Disability jokes
The kid in the wheelchair was getting bullied, so I encouraged him to stand up for himself. I don't know why he started crying.
What do you call a dog with no legs?
Doesn’t matter what you call him, he won’t come anyway.
How do you punish Helen Keller?
Leave the plunger in the toilet.
What is Stephen Hawking's favorite song?
"Highway to Hell."
What did Stephen Hawking get for his B-Day?
Chocolate arm.
I would make a disabled joke.
But they never work.
What would a Down syndrome Ben 10 alien be called?
Chromostone.
What did the boy with no hands get for Christmas? Gloves!
Nah, just kidding... He still hasn't unwrapped his present.
I took a special needs child to a shooting range.
Poor bastard had no idea which direction to run in.
My uncle hid my weed, so I hid his wheelchair.
I had sex with a disabled girl. You can say I handiclapped those cheeks.
I asked a person in a wheelchair if they wanted to fight. All I had to do is say, "Stand up!"
Why was Helen Keller truly an inspiration?
She learned how to read and write despite being from Alabama!
HAIKU JOKE:
Helen Keller could Fuck a blind man so hard that she Ends up with his child.
Helen threw up gang signs her whole life and didn't know.

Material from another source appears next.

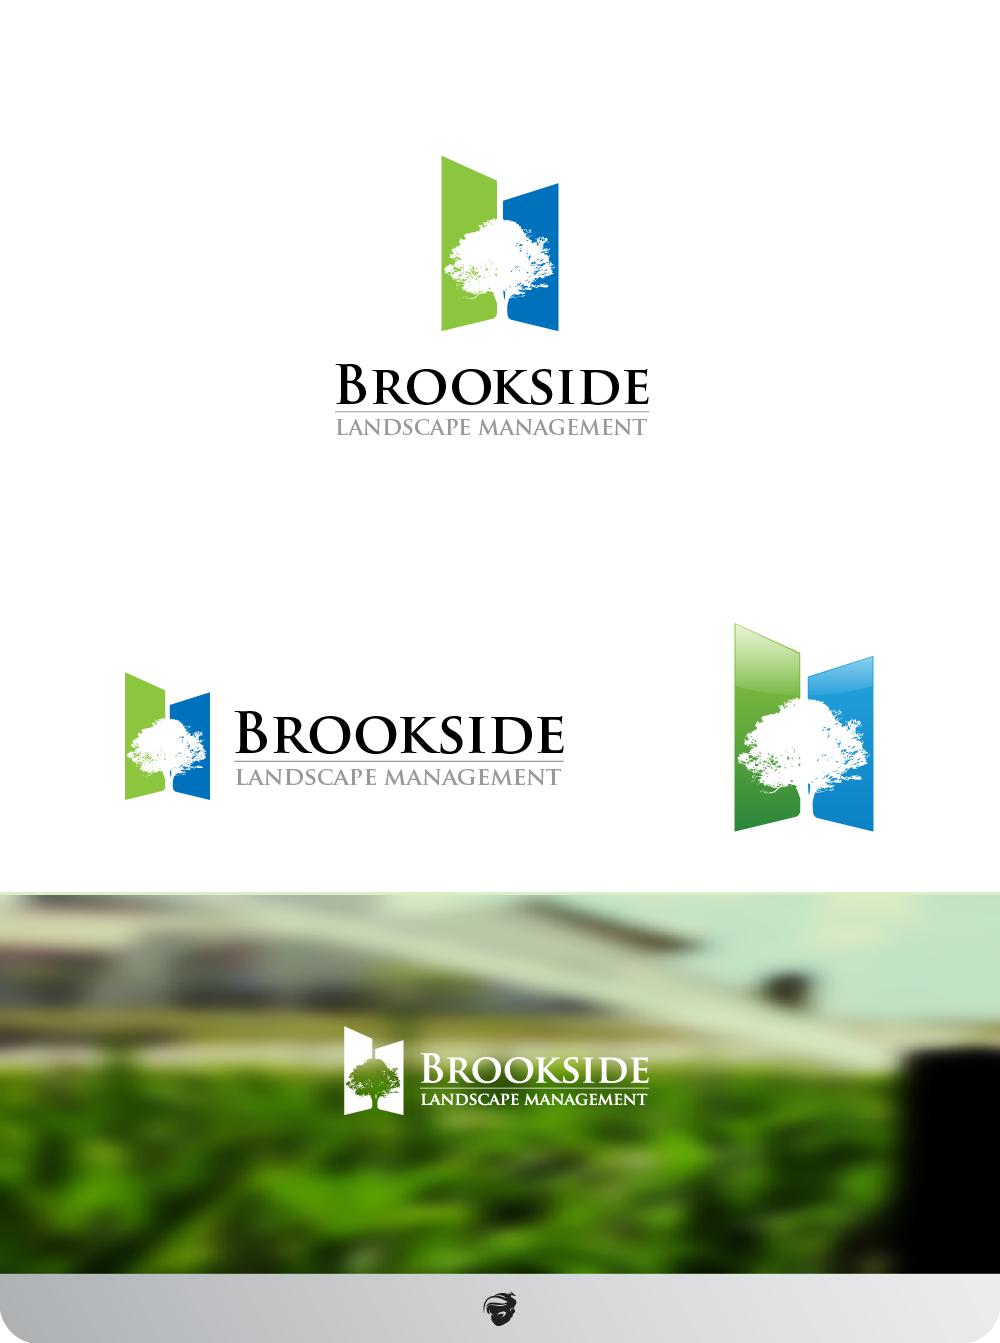 Logo Design by zesthar - Entry No. 170 in the Logo Design Contest New Logo Design for Brookside Landscape Management.

If you play the movie "Jaws" in reverse, it's a heartwarming story about a shark who gives arms and legs to disabled people.

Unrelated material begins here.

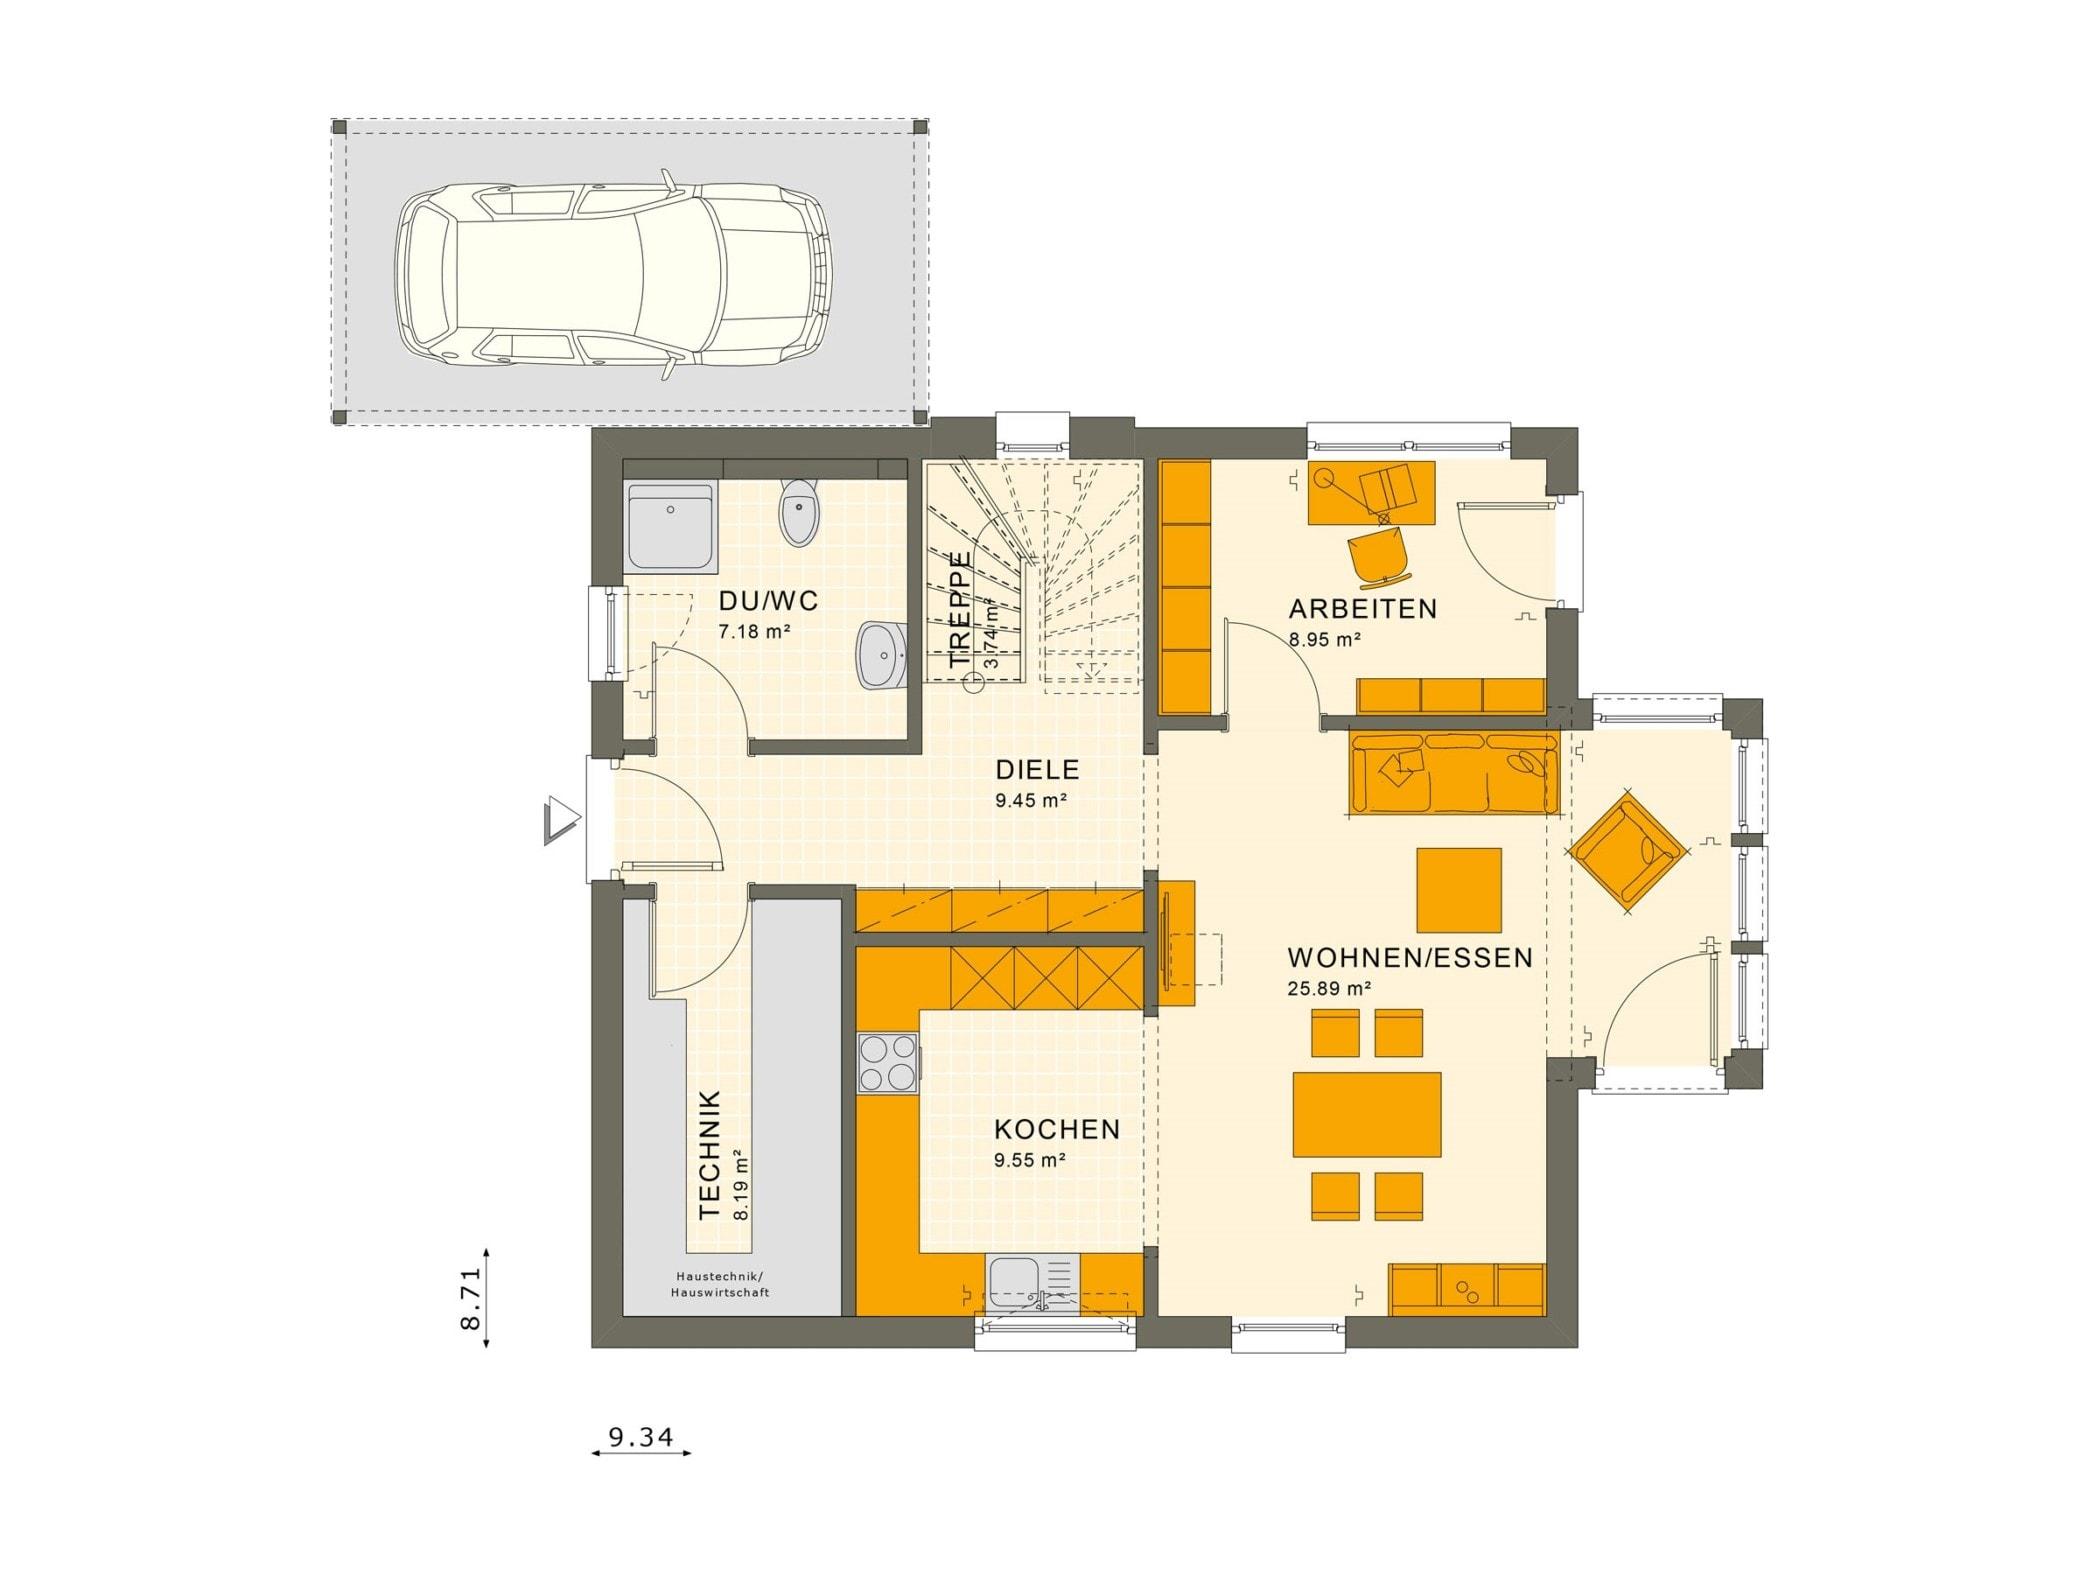 Einfamilienhaus Grundriss Erdgeschoss mit Carport & Wintergarten Erker, 5 Zimmer, 135 qm - Fertighaus Living Haus SUNSHINE 136 V5 - HausbauDirekt.de

A handicapped person was making fun of me, so I walked away.
What is better than a paralympic gold medal?
Walking! 😂😂😂
Why did Stephen Hawking die?
He drove too far away from the power point/modem.
The man had no arms and a little girl came over and said, "Give me a high-five."
He said, "I’ve got no arms," and the girl said, "Are you an eel? Cause he don’t have arms."